Egypt suspects that ill intentions are being concocted against it in relation to government accords between Ethiopia and Israel to build hydroelectric facilities on the Blue Nile. The same goes for projects planned on the Nile in Uganda. Are these fears justified?

To a certain extent, Egypt is right to dread the nature of Israeli-Ethiopian relations in what concerns Hydraulics. The past has indeed shown that the proposals made by Israel to Ethiopia in this particular area could alter Egypt’s water flow from the Nile. That said, it does not mean that Cairo is right to adopt a wait-and-see attitude. On the contrary, the changing outlook shows that Egypt’s position wont hold for long. The balance of power is changing, and it might probably not be in Egypt’s favor. They would, therefore, be better off contemplating diplomacy today for what they cannot obtain by force tomorrow.

How could the Nile basin countries succeed in changing the status quo? In your opinion, what could help settle the problem?

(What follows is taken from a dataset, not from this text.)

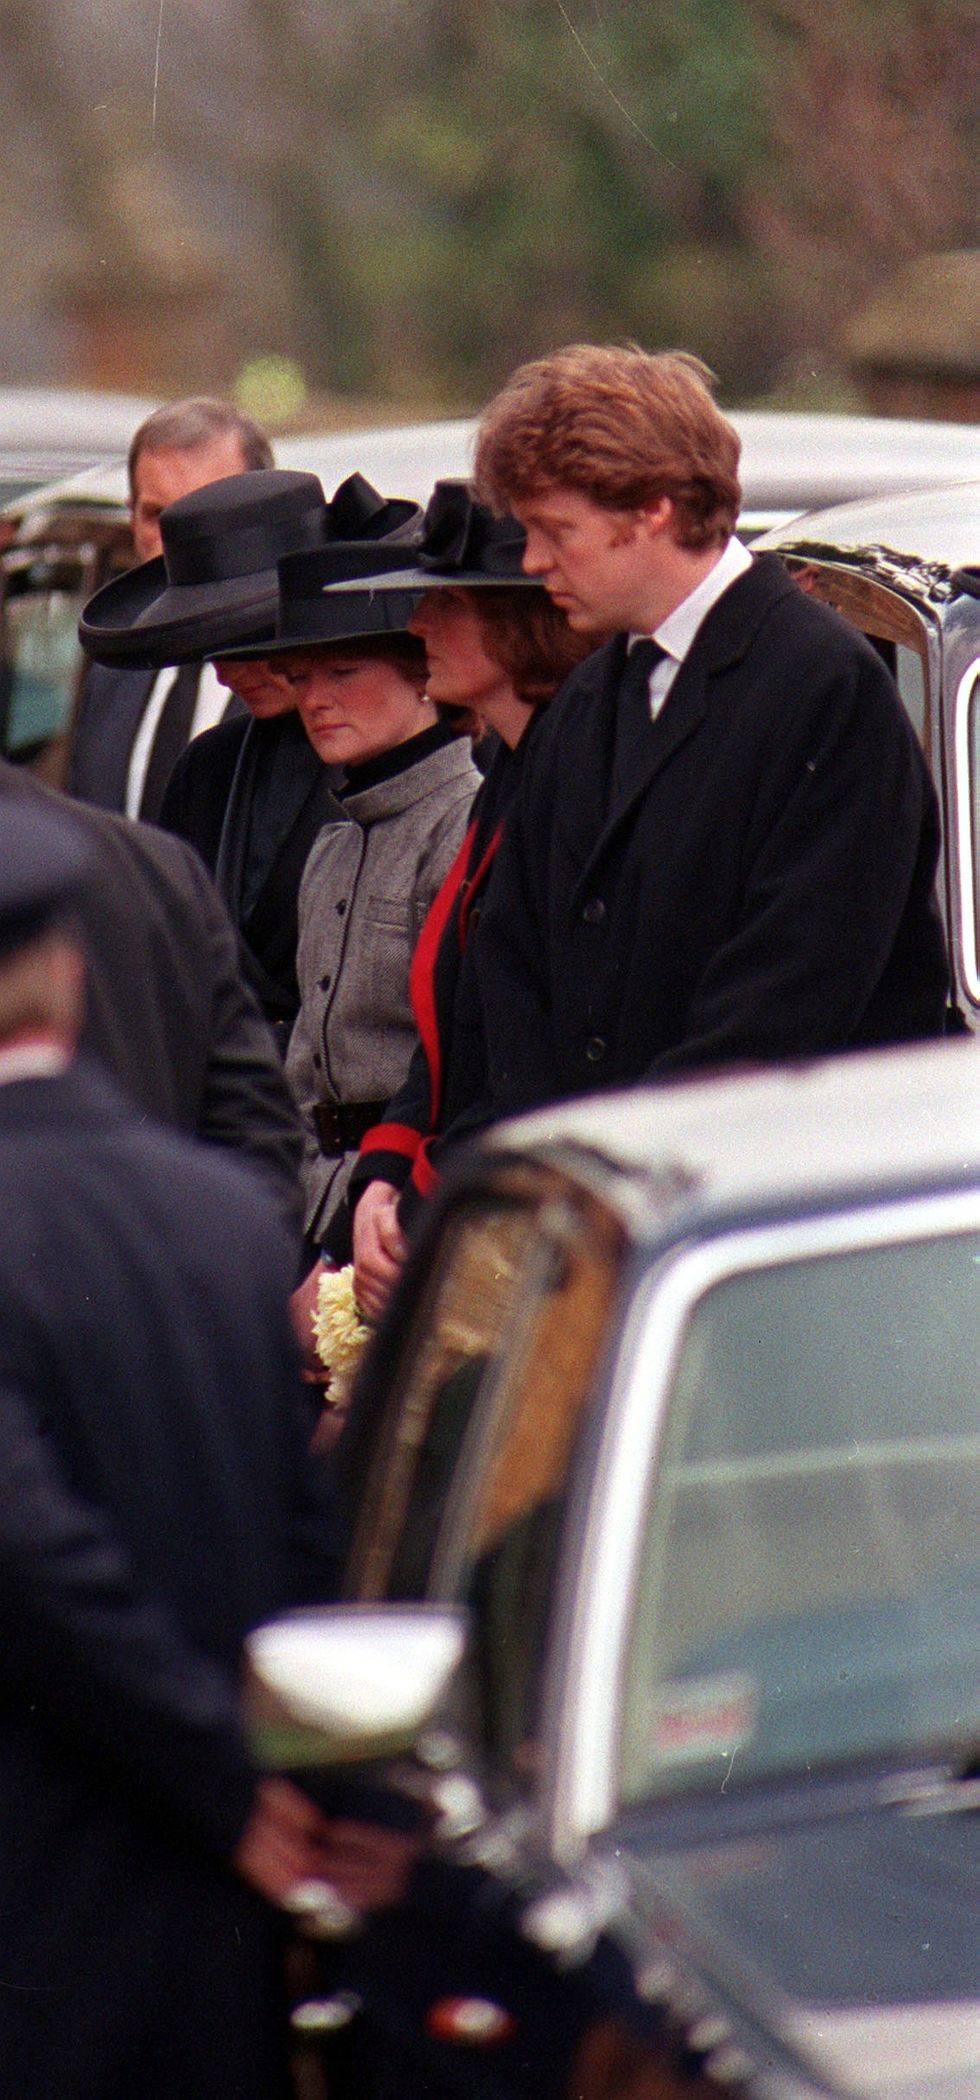 Princess Diana and Charles Spencer

What is happening in the Nile basin is not different from what takes place among an overwhelming majority of these transborder basins across the world. It brings into focus a lack of cooperation between States concerned by the waters of a same river. Undoubtedly, the solution lies in its equitable sharing. But it behooves them to take into account all the needs of countries involved, particularly in what concerns their respective populations and their needs thereof. Of course, before that, the collective will of all the riparian countries is needed ahead of negotiations for better sharing. If this is not done all efforts will lack a clear vision, and will therefore necessarily be compromised.

Egypt has repeatedly hinted it was prepared to use military action to affirm its “natural right” on the Nile. Do you think that these tensions could degenerate into a “water war”?

That risk is lowered as time goes on, although that possibility can’t be entirely dismissed. Egypt no longer holds the same power it did in the 1980s, when it was endowed with military means that towered over its regional counterparts in Africa. Today, it faces a number of realities that include a deterioration of the Sudanese political environment, the political and diplomatic strength of Ethiopia, and of course a strong political will among world powers not to allow a water conflict in the region. Egypt simply has everything to lose by giving priority to a military solution. A water conflict will clearly isolate Egypt. Moreover, albeit difficult, Egypt’s situation in terms of renewable fresh water is not necessarily fatal.